CN219737657U - Vibration signal acquisition device for transformer on-line monitoring device - Google Patents

Abstract

The utility model discloses a vibration signal acquisition device for an on-line transformer monitoring device, which comprises a host machine body, wherein one side of the host machine body is provided with eight detachable data transmission lines, the surface of each data transmission line is provided with an auxiliary fixing device, one end of each data transmission line is provided with an acceleration sensor, one end of each acceleration sensor is provided with a magnetic chuck, a filter is arranged in the host machine body, one side of the filter is provided with a signal acquisition board, one side of the processor is provided with a memory, and the other side of the host machine body is provided with a display. According to the specific position of the acceleration sensor and the wiring position of the data transmission line, the auxiliary fixing device is magnetically attracted with the surface of the transformer through the magnetic attraction plate, so that the auxiliary fixing device is fixed with the transformer, and the auxiliary fixing device and the magnetic attraction plate bear shaking force and gravity of the data transmission line together, so that the acceleration sensor is more stable, and the accuracy of signal acquisition cannot be influenced due to shaking and gravity of the data transmission line.

Description

Vibration signal acquisition device for transformer on-line monitoring device

Technical Field

The utility model relates to the technical field of transformer on-line monitoring equipment, in particular to a vibration signal acquisition device for a transformer on-line monitoring device.

Background

At present, chinese patent with existing publication number CN215493875U discloses a mechanical fault diagnosis device based on transformer vibration and voiceprint visualization technology, including vibration voiceprint detection mechanism and acceleration sensor group, vibration voiceprint detection mechanism includes upper supporting rod and lower bracing piece, upper supporting rod bottom and lower bracing piece top are installed inside the energy-absorbing snubber block, upper supporting frame and lower bracing piece are installed respectively to upper supporting rod downside and lower bracing piece upside, the support is installed on the upper supporting rod top, the support top surface is installed worm and worm wheel through fixing base one and fixing base two rotation, worm wheel pivot both ends fixed connection's link top fixed connection detects the box bottom surface, worm can mesh drive the worm wheel rotation, thereby change the angle of detecting the box, energy-absorbing snubber block can connect upper supporting rod and lower bracing piece under the support of upper supporting frame and lower bracing piece, play the effect of energy-absorbing buffering simultaneously, reduce the harmful effects that ground vibrations caused to the diagnostic result by a wide margin, although the device has solved the influence of ground vibrations to the diagnostic result, but the device appears following defect simultaneously: the acceleration sensor group is connected with the transformer through the data transmission line, but the data transmission line is in a suspended state and is not fixed, and the acceleration sensor group can be changed in position due to shaking of the transformer during detection, so that the acceleration sensor group can not absorb the transformer seriously, and sensing data of the acceleration sensor group can be influenced.

Disclosure of Invention

The utility model aims to solve the problems and provide a vibration signal acquisition device for an on-line monitoring device of a transformer.

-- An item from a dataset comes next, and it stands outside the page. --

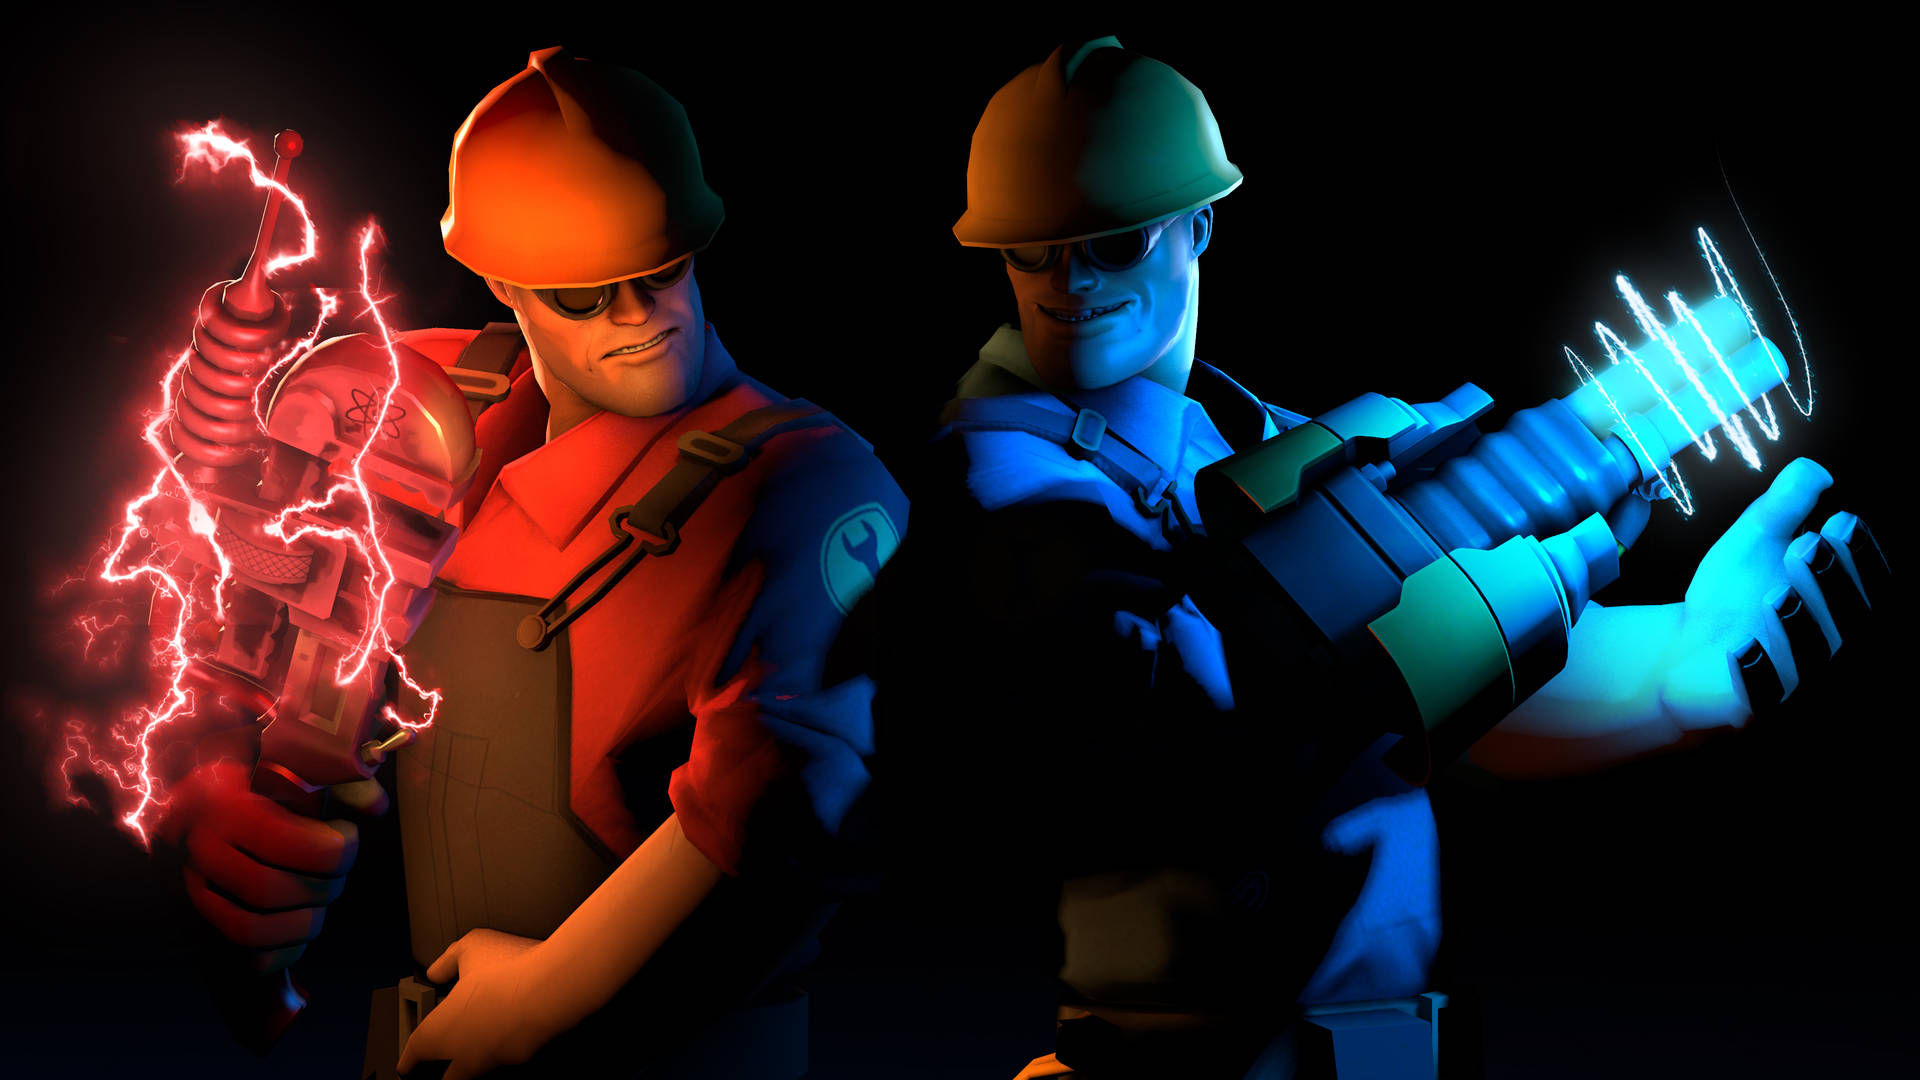 Tf2 4k Engineer Blue And Red

In order to solve the technical problems, the utility model provides the following technical scheme:

the utility model discloses a vibration signal acquisition device for an online transformer monitoring device, which comprises a host machine body and is characterized in that one side of the host machine body is provided with eight detachable data transmission lines, the surface of each data transmission line is provided with an auxiliary fixing device, each auxiliary fixing device comprises a fixing ring and a magnetic attraction plate, two arc-shaped fixing blocks are arranged in each fixing ring, a movable connecting shaft is arranged in each fixing ring, the movable connecting shafts are movably connected with the two arc-shaped fixing blocks, one side of each arc-shaped fixing block is provided with a spring, the other side of each spring is connected with the inner side of each fixing ring, the top end of each fixing ring is penetrated by a sliding groove, the inside of each sliding groove is provided with a sliding rod, one end of each sliding rod is provided with a triangular sliding block, one side of each arc-shaped fixing block is provided with a chute, one end of each data transmission line is provided with an acceleration sensor, one end of each acceleration sensor is provided with a magnetic attraction plate, one side of the host machine body is provided with a filter, one side of each filter is provided with a signal acquisition plate, one side of each signal acquisition plate is provided with a processor, and one side of each processor is provided with a display.

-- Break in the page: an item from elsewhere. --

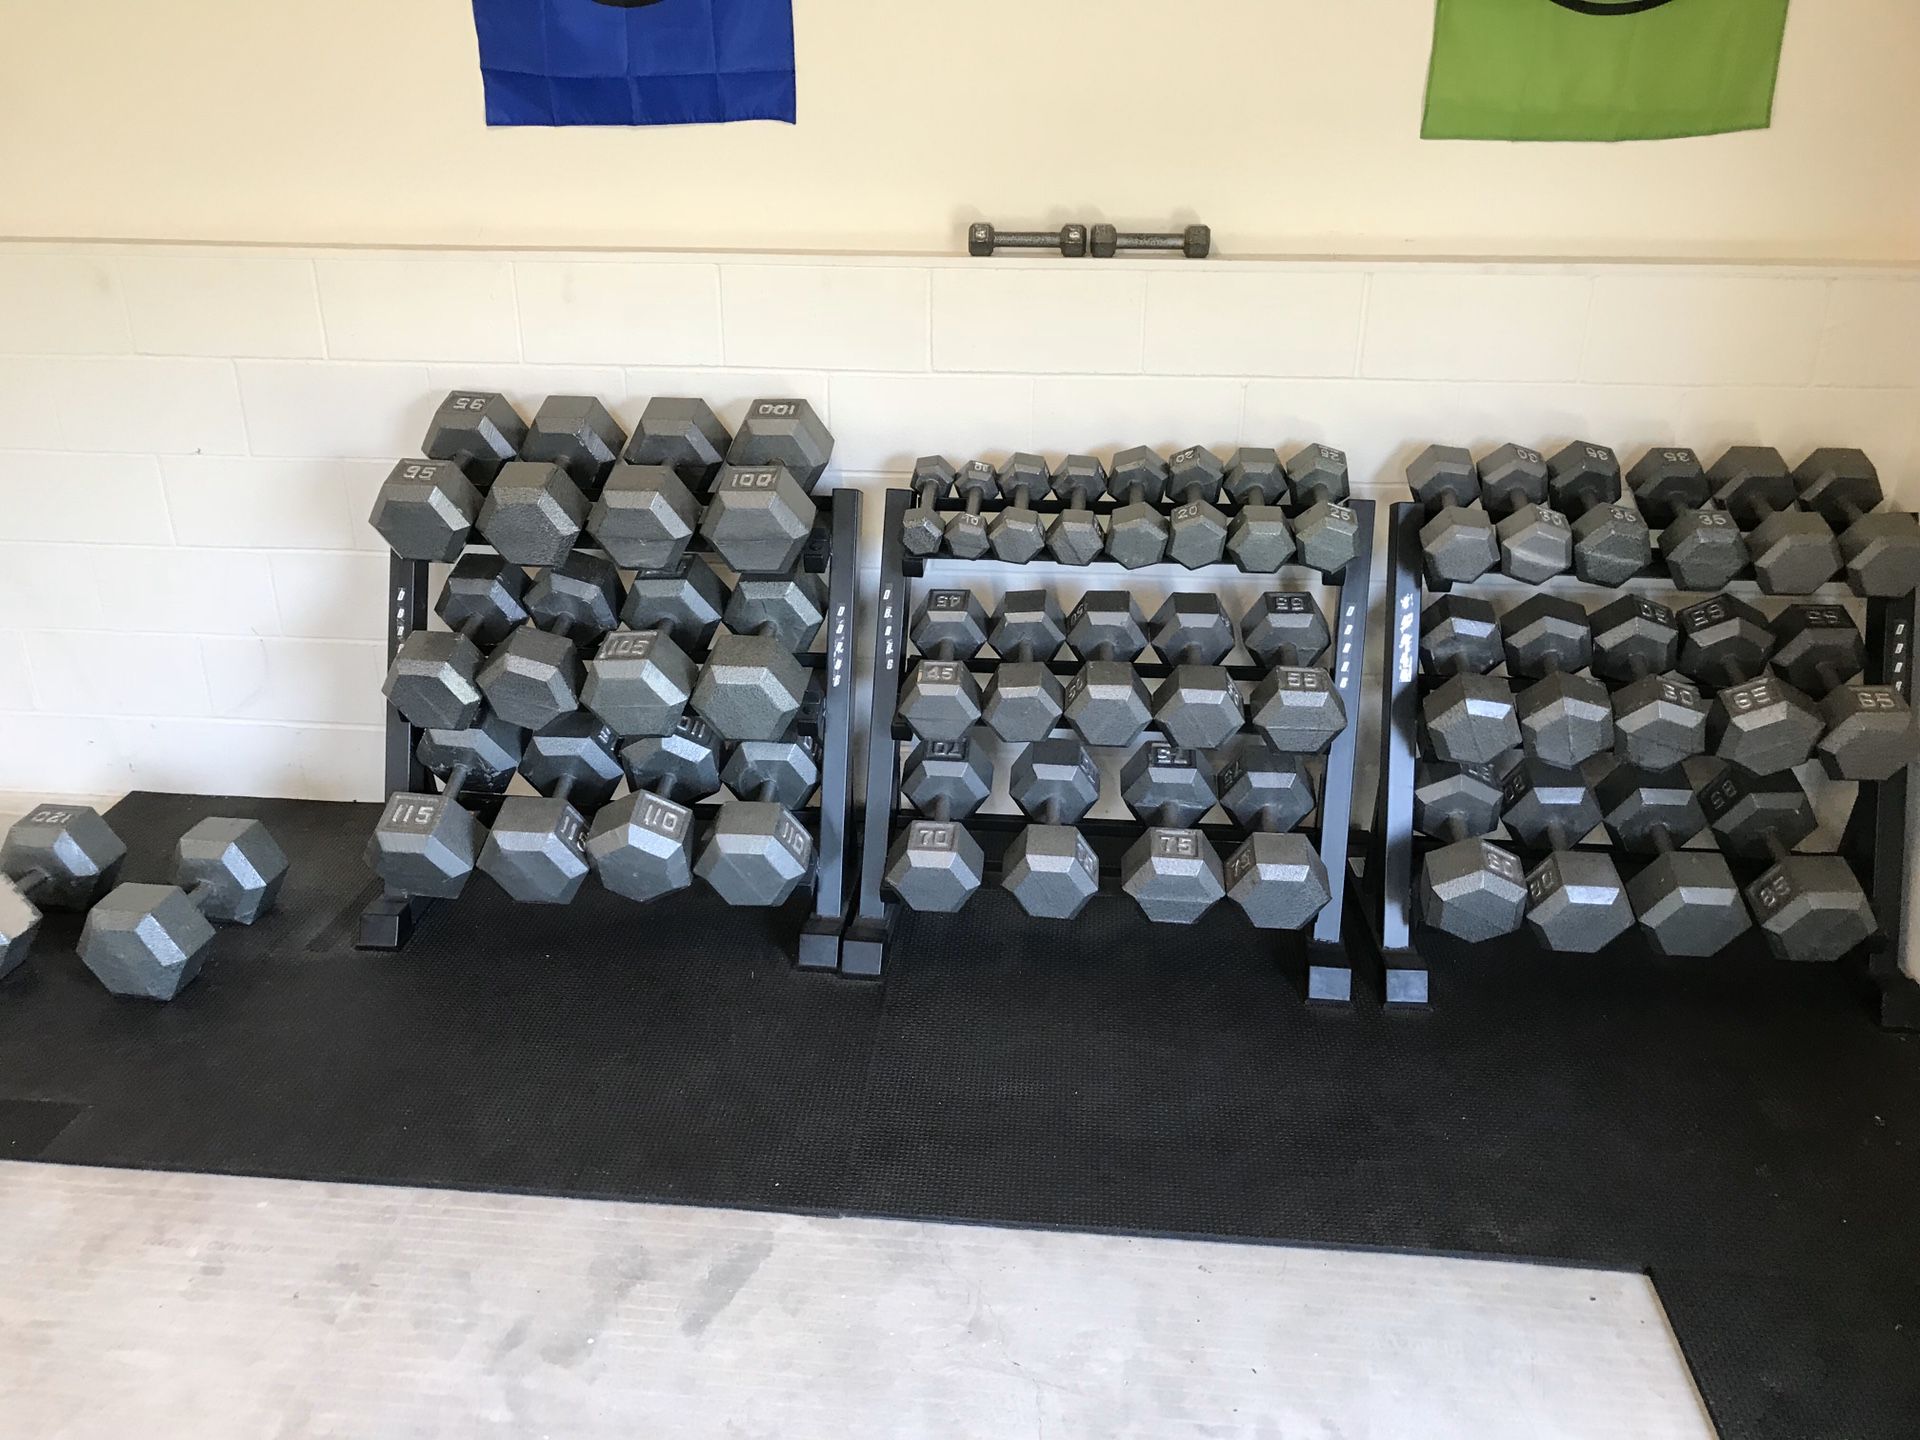 Entire dumbbell set with racks

As an optimized technical scheme of the vibration signal acquisition device for the transformer on-line monitoring device, the top end of the main machine body is provided with the placing groove, the top end of the placing groove is provided with the top cover, and the bottom end of the main machine body is provided with the roller.

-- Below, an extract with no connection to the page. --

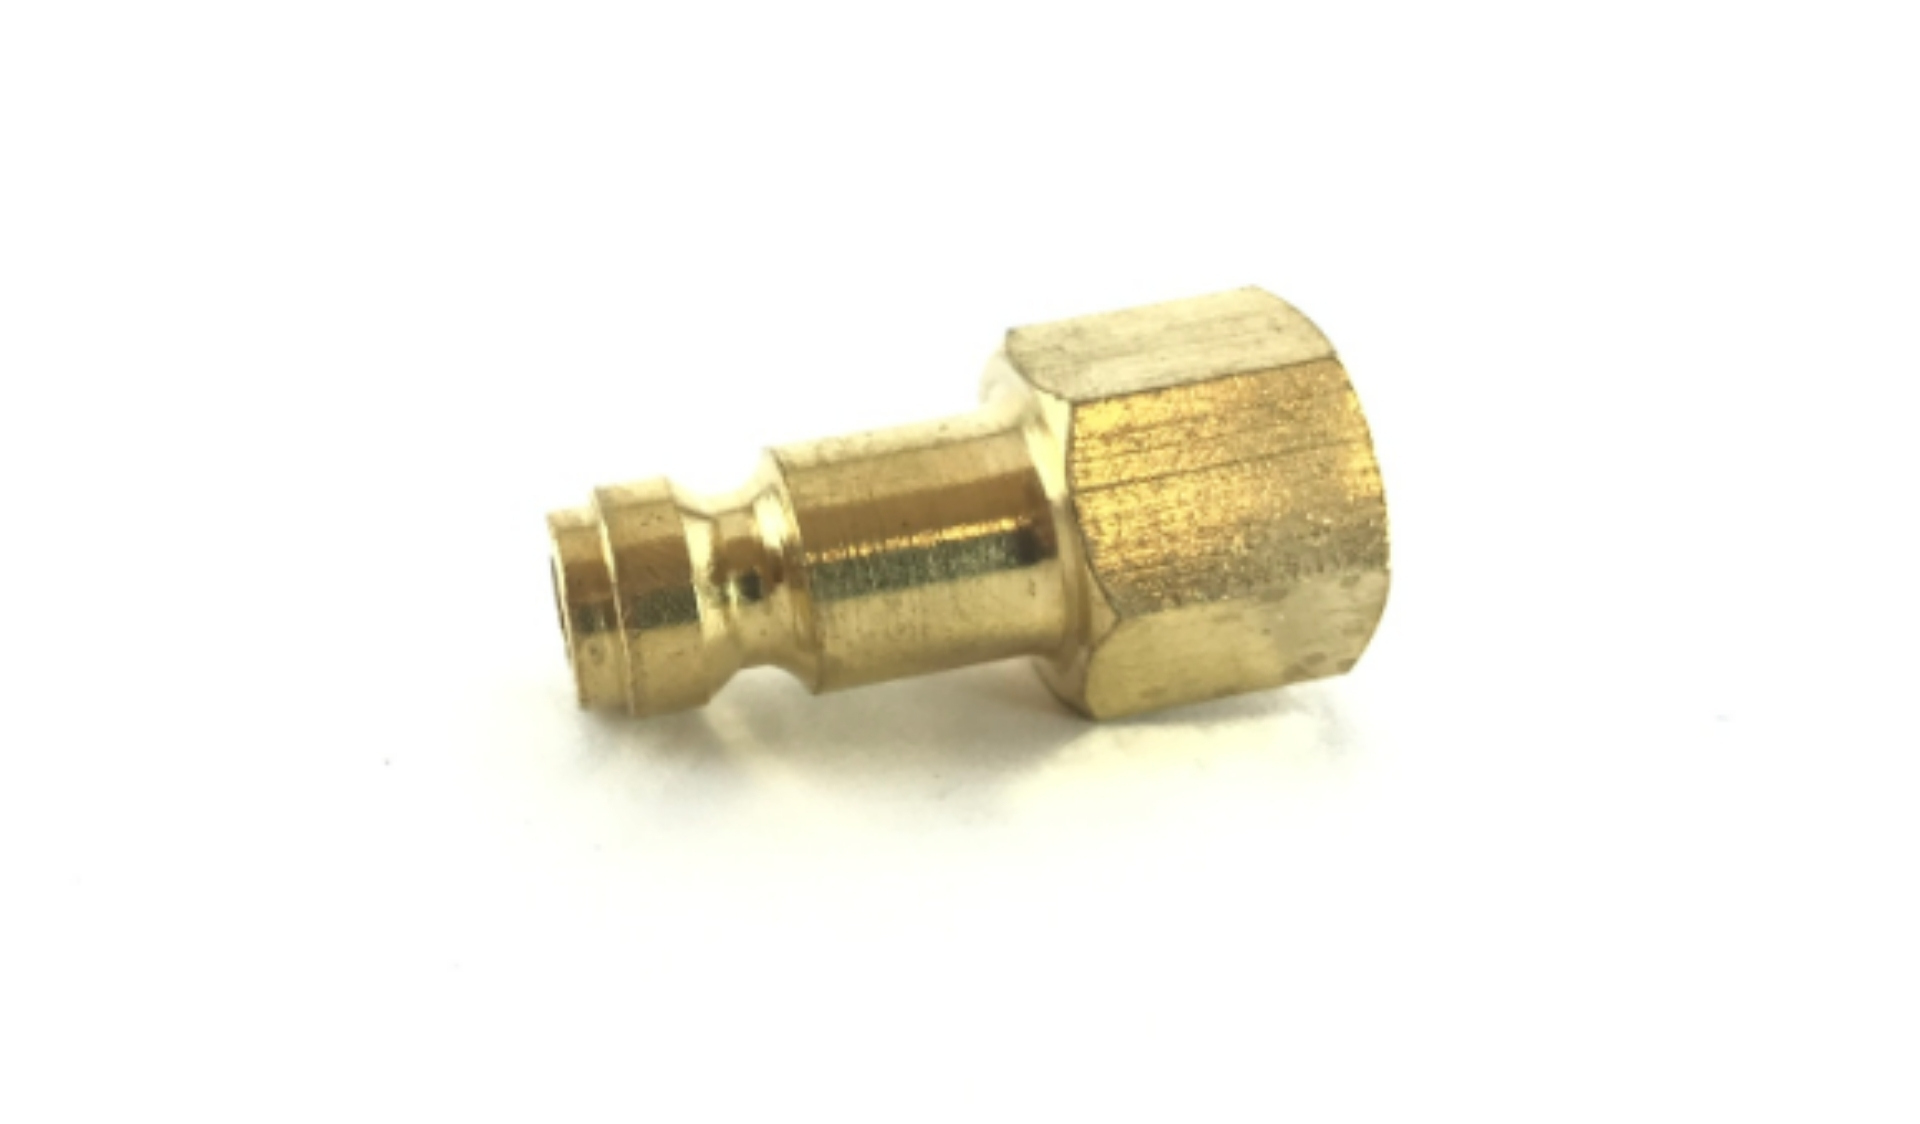 1/4” Female Brass Connector image

As a preferable technical scheme of the vibration signal acquisition device for the transformer on-line monitoring device, the included angle of the two inclined grooves is smaller than the vertex angle of the triangular sliding block.

As an optimized technical scheme of the vibration signal acquisition device for the transformer on-line monitoring device, the sliding rod penetrates through the sliding groove to the outer side of the fixed ring, and a pressing block is arranged at the other end of the sliding rod.

As a preferable technical scheme of the vibration signal acquisition device for the transformer on-line monitoring device, two arc-shaped fixed blocks form a circular ring, and the diameter of the circular ring is matched with the diameter of a data transmission line.

As an optimized technical scheme of the vibration signal acquisition device for the transformer on-line monitoring device, the acceleration sensor is electrically connected with the filter, the filter is electrically connected with the signal acquisition board, the signal acquisition board is electrically connected with the display, and the processor is electrically connected with the memory and the signal acquisition board.

As a preferable technical scheme of the vibration signal acquisition device for the transformer on-line monitoring device, one side of the main machine body is provided with a signal transmission interface.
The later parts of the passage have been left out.